How is IMO32 antibody being applied in emerging research areas?

Recent applications of IMO32 antibody in cutting-edge research include:

• Systems biology integration:

  • Multi-omics studies correlating IMO32 levels with transcriptome and metabolome data

  • Network analysis placing IMO32 in mitochondrial functional modules

  • Identification of condition-specific regulation patterns across varied environments

  • Development of predictive models for ester production based on IMO32 expression

• Mitochondrial disease models:

  • Investigation of IMO32 homologs (ABHD11) in human mitochondrial disorders

  • Use of yeast IMO32 as a model system for understanding conserved mitochondrial processes

  • Correlation of expression patterns with disease phenotypes

  • Drug screening using IMO32-based readouts for mitochondrial function

• Biotechnology applications:

  • Engineering IMO32 expression to modulate yeast flavor profiles in fermentation

  • Development of biosensors using IMO32 antibody for monitoring fermentation processes

  • Creation of synthetic pathways incorporating IMO32's acetyltransferase activity

  • Metabolic engineering strategies targeting ester biosynthesis pathways

• Advanced imaging techniques:

  • Super-resolution microscopy of IMO32 localization within mitochondrial subdomains

  • Live-cell tracking of IMO32 dynamics during cell division and stress response

  • Correlative light and electron microscopy for ultrastructural localization

  • Expansion microscopy applications for mitochondrial protein organization

These emerging applications demonstrate the versatility of IMO32 antibody as a research tool across multiple disciplines.

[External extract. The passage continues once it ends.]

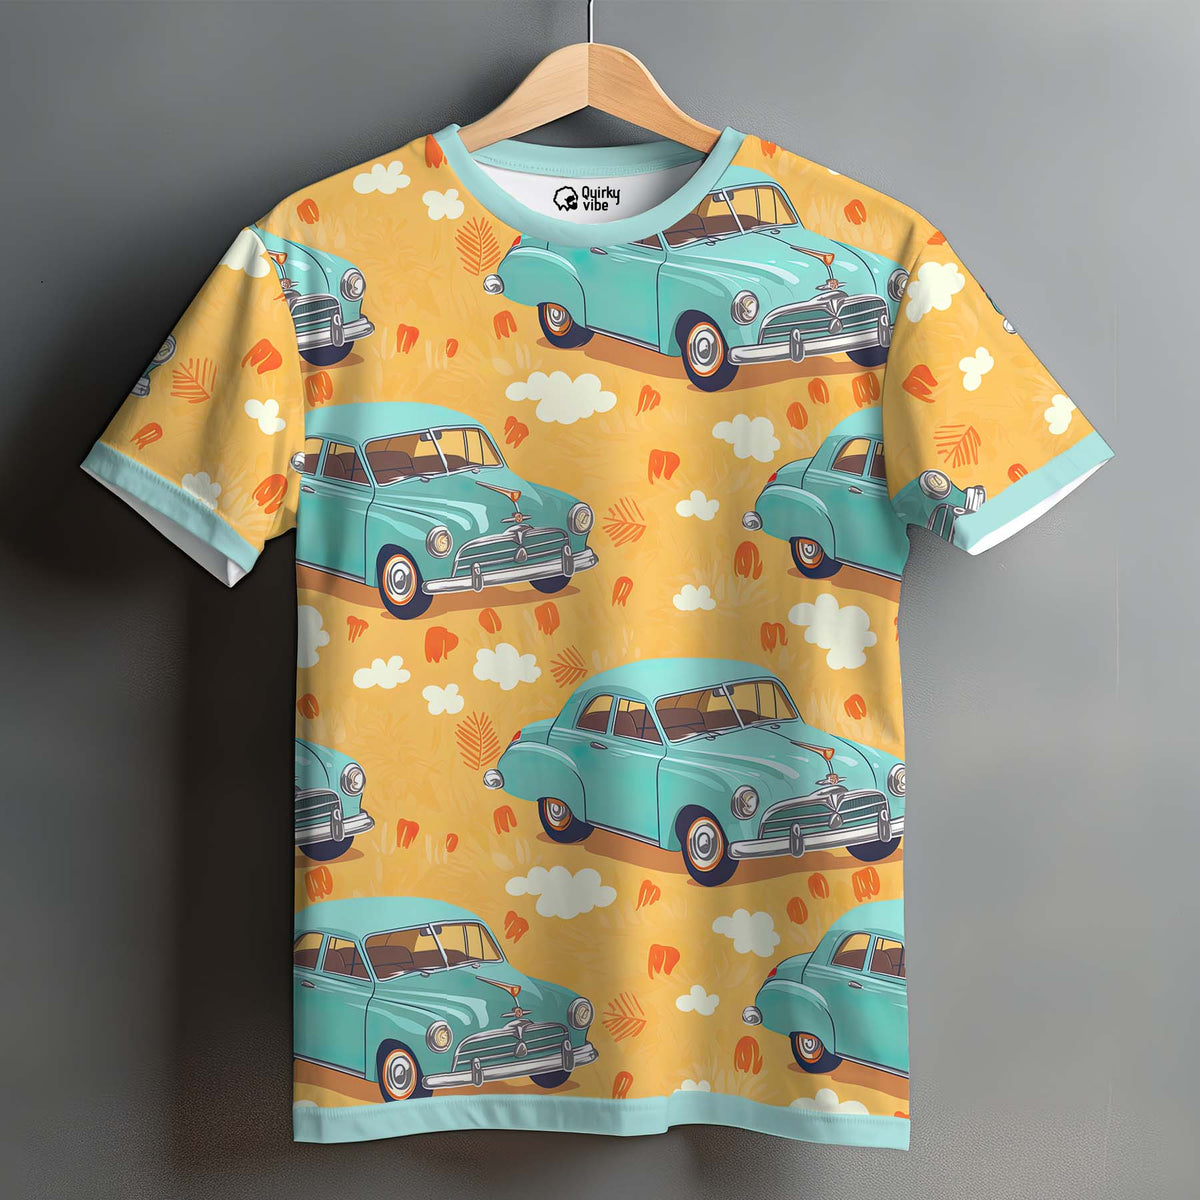 Cars | Oversize T-Shirt | Quirky Vibe Quirky Vibe India

What methodological advances are improving IMO32 detection and analysis?

Recent technological developments enhancing IMO32 research include:

• Advanced antibody formats:

  • Single-domain antibodies (nanobodies) against IMO32 for improved penetration

  • Recombinant antibody fragments with enhanced specificity

  • Site-specific conjugation strategies for optimal orientation

  • Bispecific antibodies targeting IMO32 and interacting partners simultaneously

• High-sensitivity detection methods:

  • Single-molecule detection using antibody-conjugated quantum dots

  • Microfluidic antibody arrays for rapid protein quantification

  • Digital ELISA platforms with sub-picogram sensitivity

  • Lateral flow immunoassays for rapid field screening

• Automated analysis pipelines:

  • Machine learning algorithms for processing immunofluorescence data

  • Automated western blot analysis with standardized quantification

  • High-content screening platforms using IMO32 antibody staining

  • Integrated data analysis frameworks combining multiple antibody-based readouts

• Novel application strategies:

  • Antibody-based proximity sensors for real-time interaction monitoring

  • Intrabody applications for tracking IMO32 in living cells

  • Combined CRISPR-editing with antibody detection for function validation

  • Optogenetic tools coupled with antibody-based detection methods

These methodological advances significantly expand the research applications and sensitivity of IMO32 antibody-based techniques.